Gwen Aumen's still around picking mandolin; didn't know she was affiliated with the Coon Creek Girls -- a band that goes back before WWII, and was revived as the *New* Coon Creek Girls around 1980 or so.

Here's a video with the original Coon Creek Girls, Lilly May Ledford on banjo, and the New Coon Creek Girls with Dale Ann Bradley, doing _How Many Biscuits Can You Eat?_ -- probably 40 years apart...

----------


## mandolirius

<Sometimes I think that the "trad" people are unnecessarily critical of people who try to "push the envelope" a bit>

Definitely. There's no need for it. I am as big a fan of traditional bluegrass as you'll find. Most of the BG I listen to tends to be from the "golden age". But I like lots of newer stuff, especially recent bands I've heard that are blending BG and old-time qualities. I liked The Country Gentlemen, The Newgrass Revival, The Seldom Scene, the influx of women into the music, dobro, good new songwriters like Gillian Welch. To me, it's exciting to see bluegrass alive and doing so well. As a diehard traditionalist, I'm not seeing the downside to all of that. People will always play hardcore bluegrass, the original five instruments laying it down as the greats did years ago.

----------


## Mike Bunting

The blending of blue grass and old-time is stuff I really like, to me Sarah Jarosz epitomizes this, a great feel and real lyrics. I just don't care for the modern stuff that calls itself bluegrass that seems to lapse into mere ####### for the sake of "appealing to a wider audience". The good stuff always let's you come to it rather than throwing out a lariat and trying to rope me (or my wallet) into it.

----------


## thejamdolinplayer

> No, but you might want to consider whether you need two guitars. 
> 
> I'm kidding.  Seriously, she is a good singer, and you all sound good together. You took a nice ride on that first one, BTW. You are the fourth or fifth good band from Ohio I have heard about in the last month or so. Something good is going on around there.

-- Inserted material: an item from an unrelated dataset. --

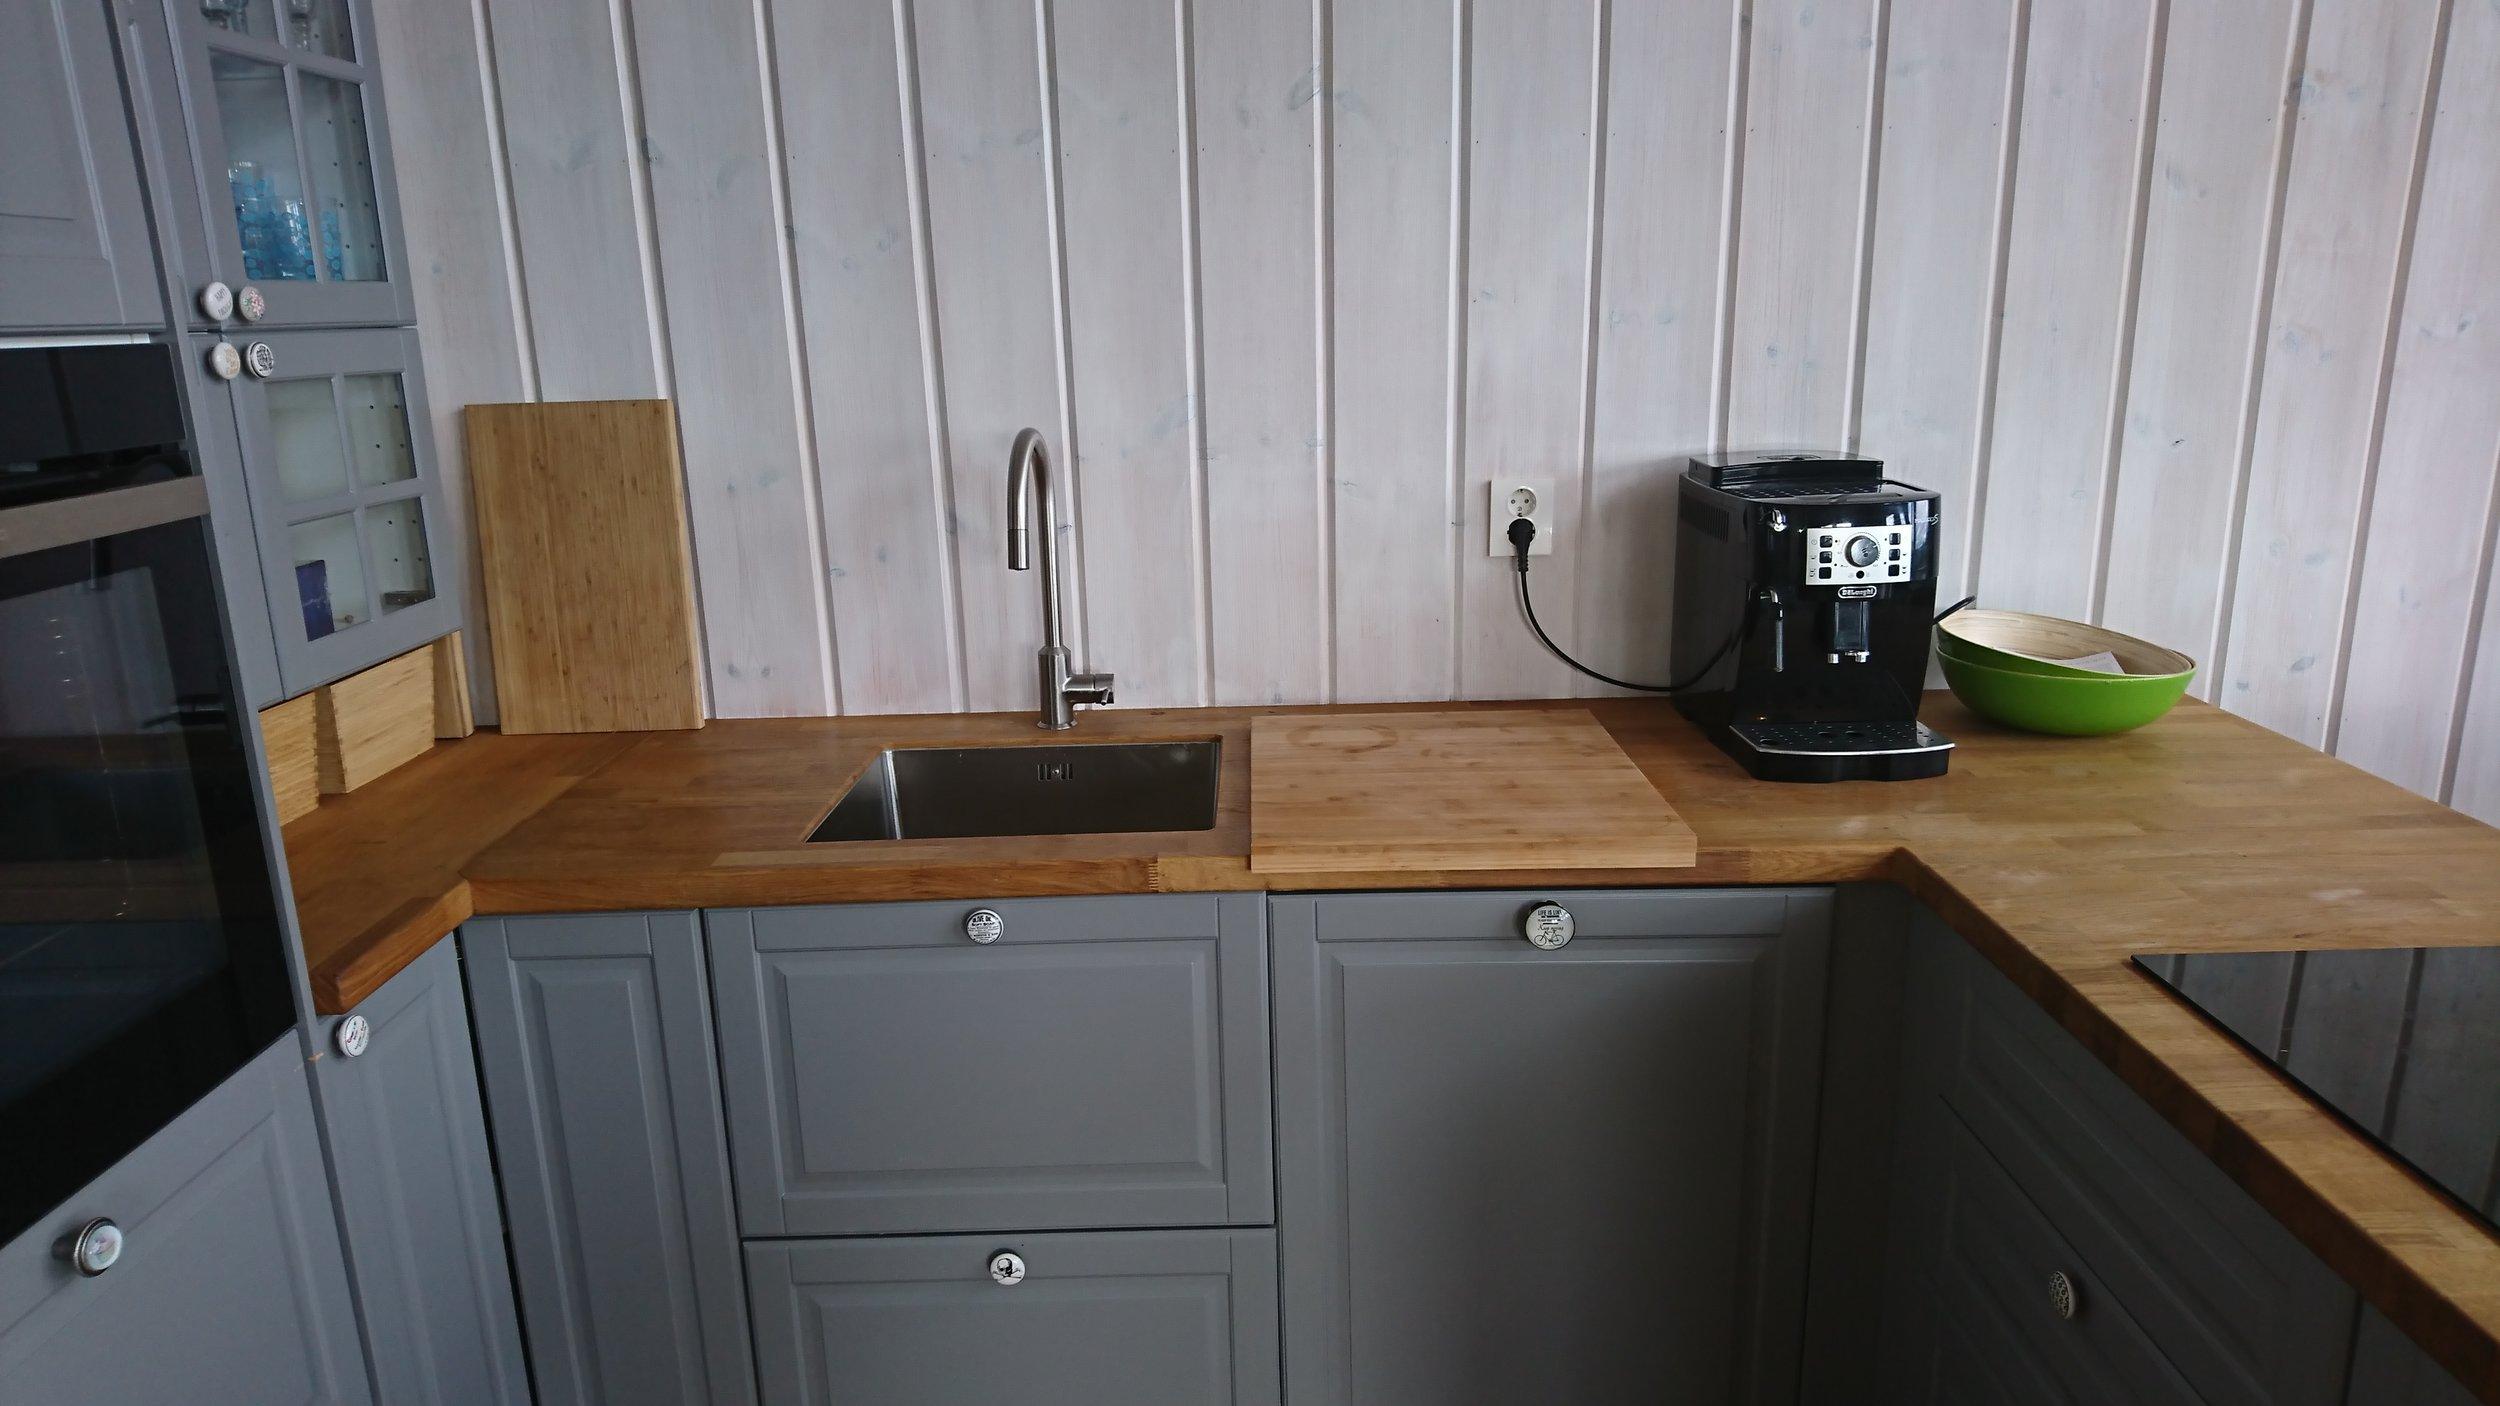 """På kjøkkenet er oppvaskmaskin under kaffemaskinen. Bruksanvisning til kaffemaskinen ligger i den grønne skålen. Tuten på vannkranen kan """"trekkes ut"""" slik at det blir litt lettere å skylle i vaskekummen. Under vaskekummen er søppel og oppvask ting. Det er også en atomatisk vannstopp som stenger vannet til oppvaskmaskinen hvis den registrere vannlekasje."""

Thanks for the compliments man... Ya I know we have talked about the whole 2 guitar thing, but my bro doesnt play any lead and he fills in where my dad lacks on that hard drivin bluegrass rhythm(my dad being solely an old country player at heart) so I guess they compliment each other.

----------


## JeffD

> I'll note also that I'd rather see someone "just" sing than stand there and hold an instrument while they're singing.  I can't sing and play well at the same time and have a ton of respect for those who can, especially those who play lead or do complex fingerpicking or crosspicking while singing.  It doesn't bother me so much when a lead man/woman primarily sings and then plays some lead at appropriate times.  But the folks who just stand there and hold it until they strum the final chord drive me a little nuts. Don't know why...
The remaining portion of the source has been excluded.